Molti giornalisti riferiscono  d’aver conosciuto e incontrato in uno dei loro viaggi in Bosnia una donna piena di luce. Quella donna, durante la guerra degli anni Novanta, ha vissuto dentro l’assedio di Sarajevo, con il marito a combattere al fronte per difendere la città e un bambino molto piccolo da accudire. Uno dei giornalisti racconta:” Ho passeggiato a lungo con lei per la città. Mi ha portato vicino al mercato coperto, mi ha indicato il punto in cui si metteva a vendere i suoi regali di nozze, per procurare del cibo a suo figlio. Mi ha portato al tunnel di Sarajevo, sotto l’aeroporto, di cui restano pochi metri: è un budello claustrofobico, nel quale si deve stare chini per camminare.

La donna, suo figlio e sua suocera lo hanno percorso per centinaia di metri, per sbucare nella terra di nessuno, rischiando la vita, alle spalle della linea dell’esercito serbo che assediava la città. Dopo un viaggio pazzesco, quella donna è arrivata prima in Germania e poi qui in Italia, dove è stata accolta e dove suo marito l’ha raggiunta una volta finita la guerra. La guerra per lei è un incubo che fatica ad andarsene. Ha perso molte persone. Un giorno mi ha indicato un ponte sulla Miljacka, il fiume di Sarajevo. Mi ha detto che una sera, su quel ponte, una sua amica si è data appuntamento col suo fidanzato: avrebbero dovuto sposarsi pochi giorni dopo. Ma il matrimonio non ci sarebbe mai stato: proprio quella sera, una bomba ha spazzato via le loro vite. Nonostante ciò che ha passato, la donna è tornata a vivere a Sarajevo con suo marito. «A volte mi chiedono chi me lo ha fatto fare», mi ha detto. «Molti, durante e dopo la guerra, da Sarajevo se ne sono andati per non tornare più.

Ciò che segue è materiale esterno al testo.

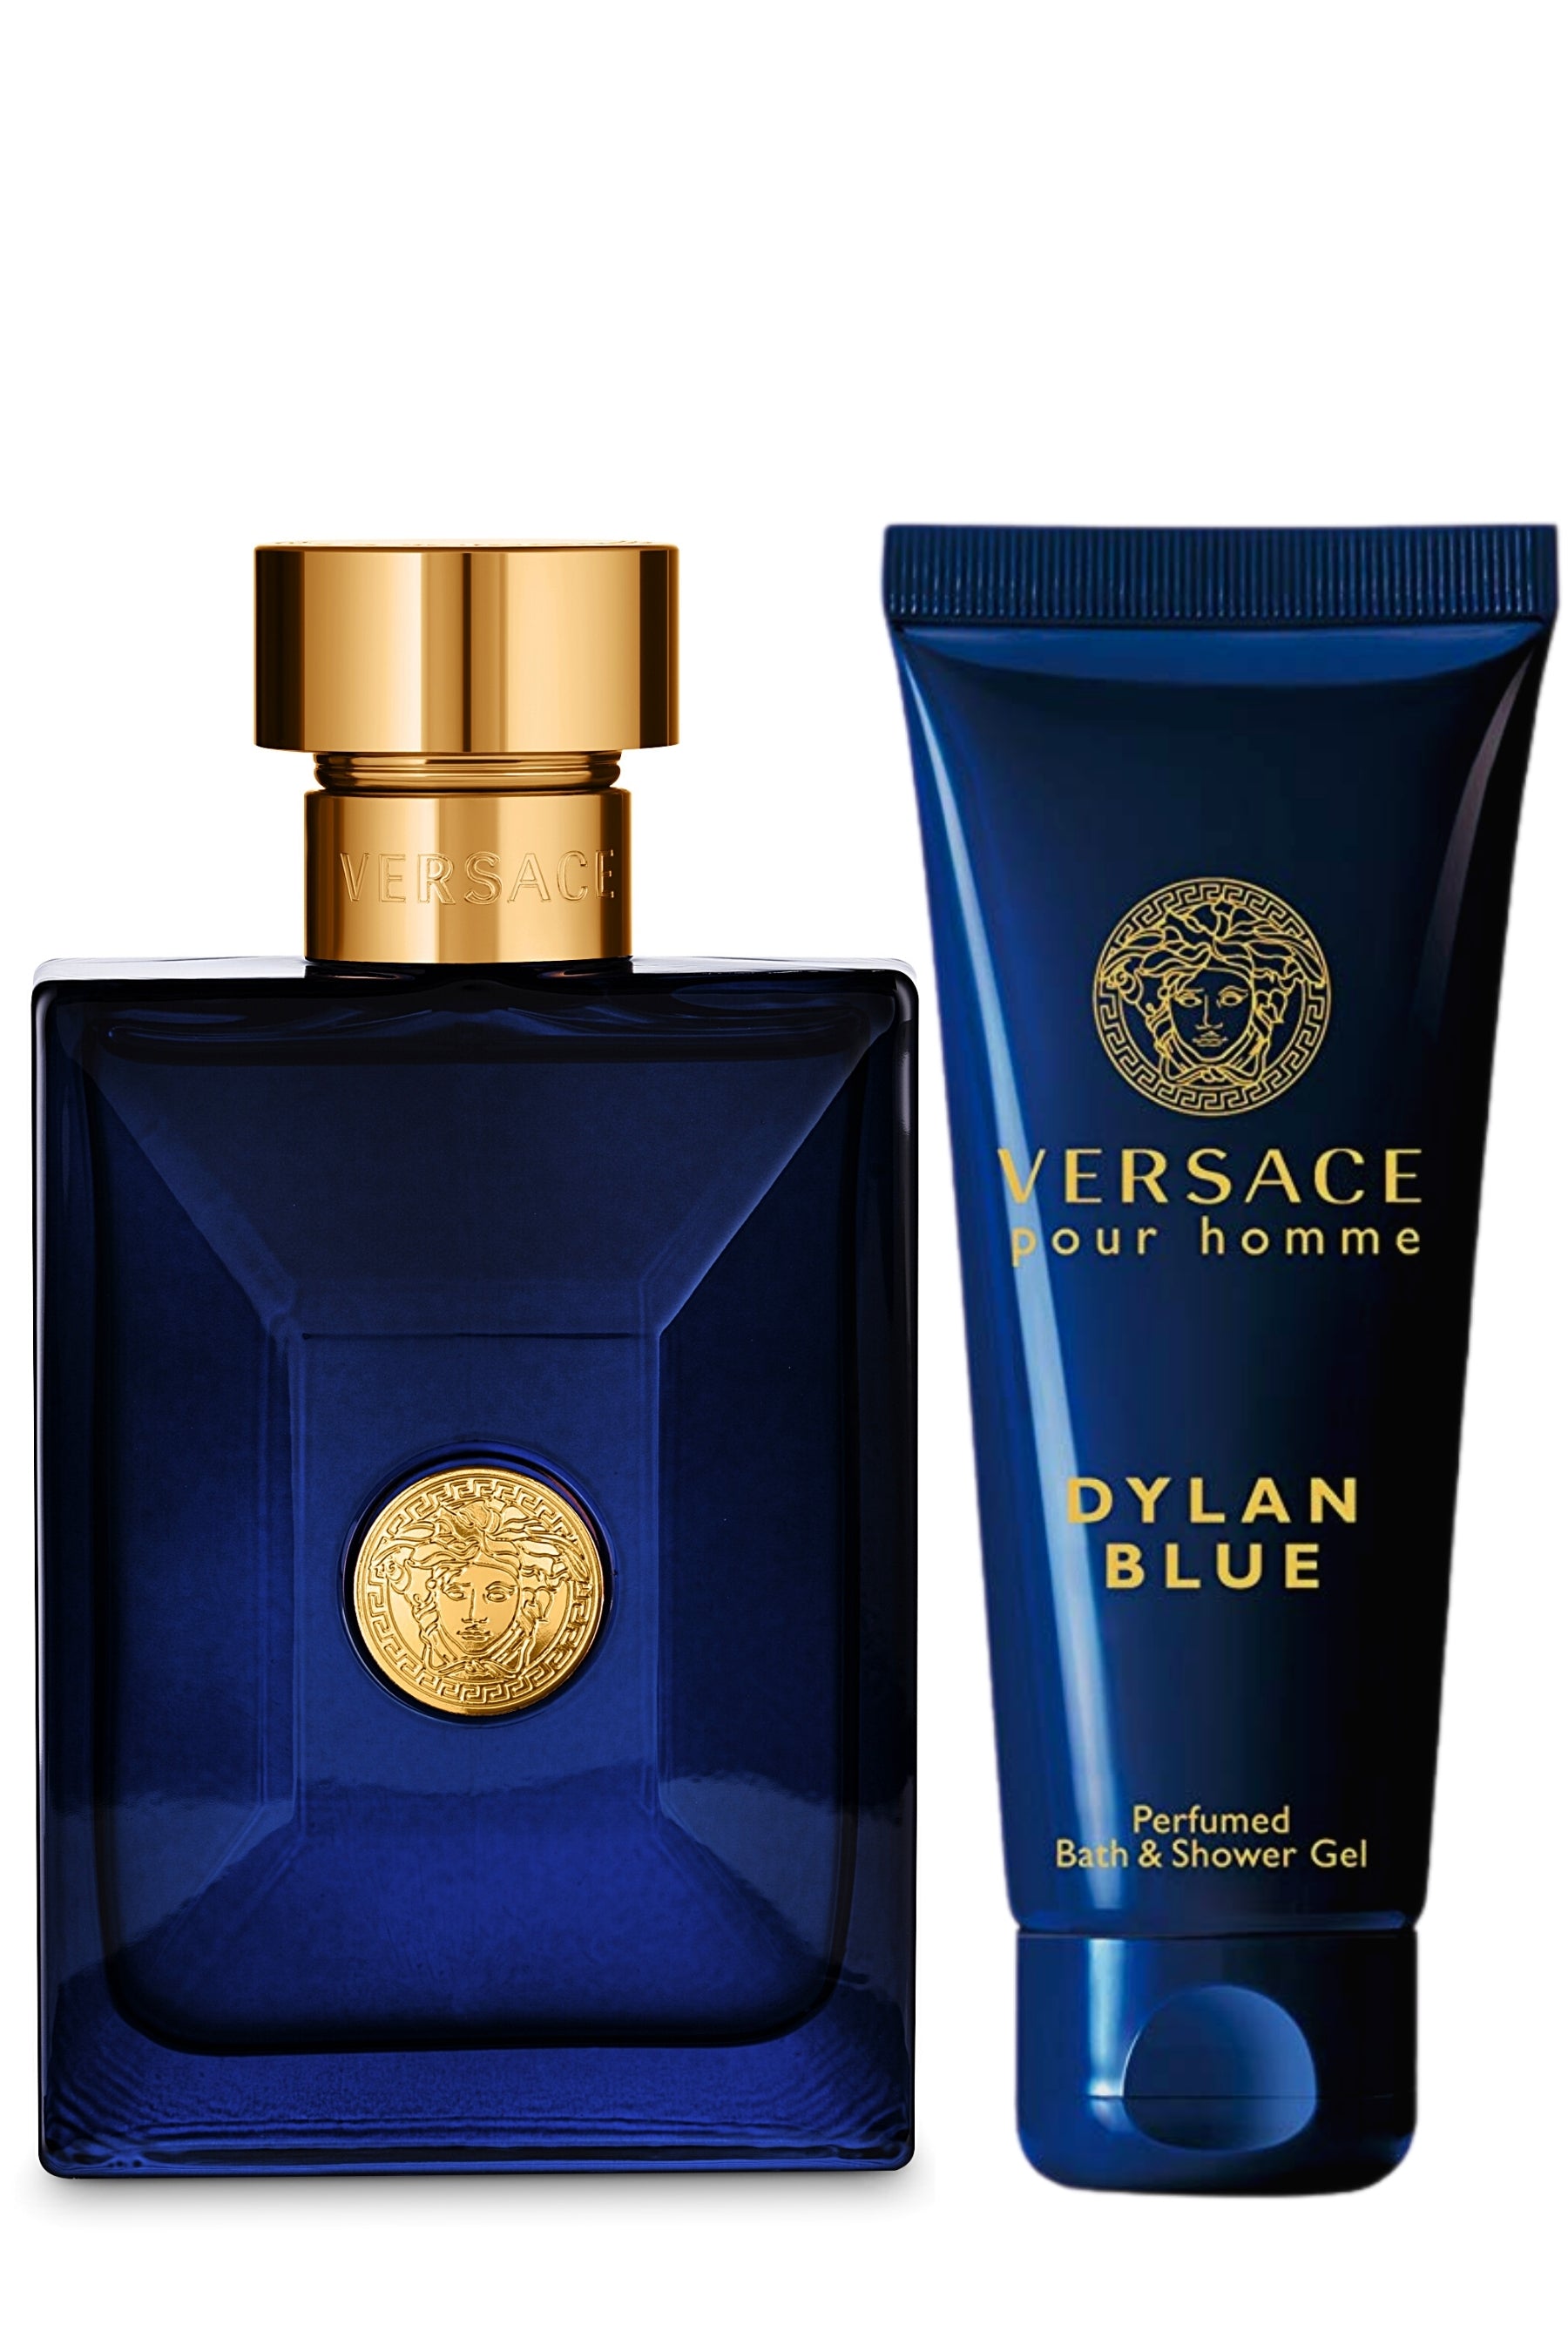 VERSACE DYLAN BLUE Cologne for MEN 2 pcs GIFT SET 3.4 oz EDT Spray + SHOWER  GEL

Altrove si vive meglio. Anche oggi c’è chi vorrebbe andarsene. Ma io mi guardo intorno, passeggio per il centro. Vedo il locale dove siamo stati io e mio marito la prima volta che siamo usciti insieme. Vedo la stradina dove abbiamo passeggiato la sera, tenendoci per mano. Vedo i luoghi dove ci incontravamo coi nostri amici, per far festa tutta la notte. Questa è la mia città, la nostra città. Se non la facciamo vivere noi, la nostra bella città, a chi dovrebbe toccare?». Ciò che di quella donna colpisce  è la totale assenza di odio nelle sue parole. «L’esercito serbo ci ha attaccato, ci ha accerchiato, di ha bombardato; i cecchini non ci hanno dato tregua per anni. Io in guerra ho perso amici e parenti. Ma non odio nessuno». L’ho guardata stupito. «E come fai? Come ci riesci?». Lei mi ha indicato le montagne intorno a Sarajevo: «Io ho vissuto in un assedio, lo so cosa vuol dire stare in una prigione a cielo aperto. Per questo, adesso, non consento più a nessuno di imprigionarmi. Neanche al mio odio. Perché l’odio è la gabbia peggiore». Sono parole che mi hanno segnato profondamente. Mi sono chiesto quale percorso avesse alle spalle per essere arrivata fino a lì. Chiacchierando, ho scoperto che è figlia di una donna musulmana e di un uomo di etnia croata e di religione cattolica.

Del resto, la Bosnia è un Paese meravigliosamente multietnico: nel centro di Sarajevo la moschea più importante dista pochi minuti a piedi dalla basilica ortodossa e dalla cattedrale cattolica. I matrimoni tra etnie e religioni diverse, soprattutto prima della guerra, erano all’ordine del giorno. La donna che in quel momento mi parlava era stata una bambina figlia di un matrimonio così: i due genitori pregavano ciascuno un Dio diverso. Ai tempi, quella bambina e la sua famiglia abitavano un paese tra le montagne. La bambina, curiosa e piena di domande come tutti alla sua età, cominciò a interrogarsi su quelle differenti religioni che erano presenti nella sua famiglia, dove tradizioni diverse si intrecciavano e le festività di entrambi i culti venivano celebrate.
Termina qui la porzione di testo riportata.